Apolipoprotein E4 (ApoE4) is one of common genetic components between TBI and AD because it is closely related to neurogenesis-dysfunction and dementia. ApoE has three genotypes: 2, 3, and 4. Basically, ApoE4 is the most associated genetic risk factor for the development of AD and is expressed in more than half of the patients. However, it is estimated to be only 20% of the population. The presence of one or two ApoE4 alleles is increasing the AD risk by 3 or 12 folds, respectively [17], and also shifting the age of onset of dementia to a younger age [18]. Recent results suggest that ApoE4 is related to memory loss and overall cognitive dysfunction in patients with a history of mild TBI, but it does not affect people without neurotrauma [19].
Moreover, other researchers have proposed that ApoE4 alleles may be synergistic with TBI in increasing the risk for developing AD [20, 21]. Compared to other genotypes, ApoE4 is harmful in this process, as it inhibits neurite outgrowth, disturbs neuronal cytoskeleton, gathers amyloid β protein [22, 23], and markedly aggravate tau-mediated degeneration [24]. Therefore, it is another important similarity between TBI and AD, and a possible therapeutic target [25, 26].

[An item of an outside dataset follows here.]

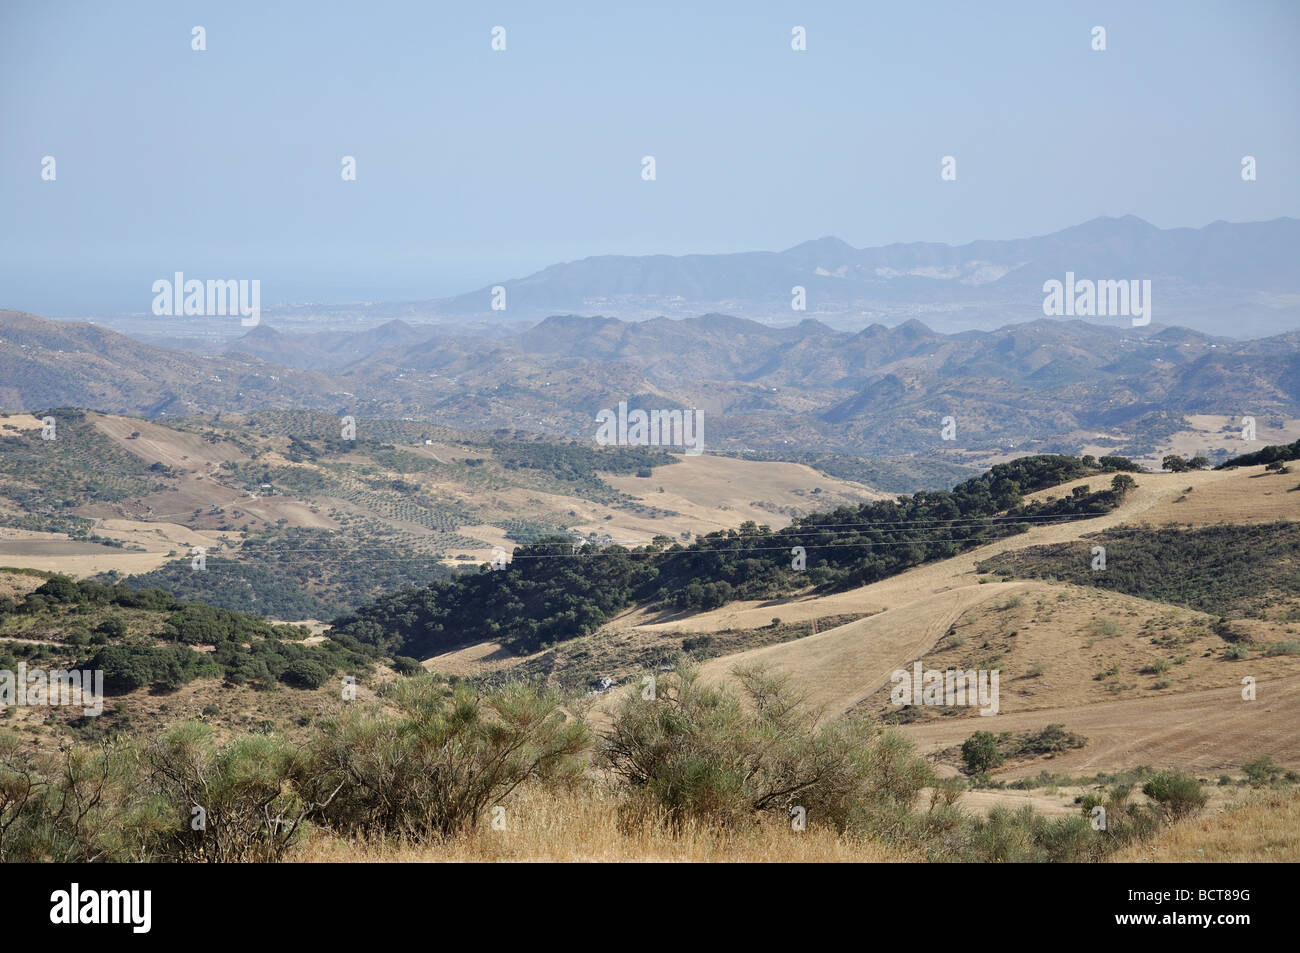 Landscape with olive groves, near Antequera, Malaga Province, Andalusia, Spain Stock Photo

Impaired adult hippocampal neurogenesis (AHN) were found in both TBI and AD animals [27, 28] and AD patients [29], which is one of the potential causes of dementia. AHN means that the additional new-born neurons are generated throughout life, and it is one of the unique phenomena of the adult mammalian brain and confers the plasticity of the entire hippocampus circuity. By studying the brains of AD patients, the number and maturation of these new-born neurons declined progressively with the progression of AD, which provides evidence a potentially relevant mechanism underlying memory deficits in AD [29]. Consistent with this study, our previous study also showed that TBI impaired AHN, may lead to learning and memory deficits in rats [27].

Notably, ApoE is mainly expressed in astrocytes and secreted into the intercellular space that regulates other cells. It is also present in certain type I neural stem cells and neurons. Most importantly, ApoE is known to regulate postnatal neurogenesis in the hippocampus [30], whereas ApoE4 impairs AHN following TBI [31].
However, it is unclear that what are the relationships among TBI, AHN, ApoE4, and AD onset.
Given that TBI and ADRD involve many similarities, including secondary injury, tauopathies, ApoE4 and AHN, people after TBI may lead to ADRD and have long time healthy problems, especially those who TBI will cause tauopathies appearing in AD vulnerable areas. This may also give us more chances to study AD initiation and find novel therapeutic targets.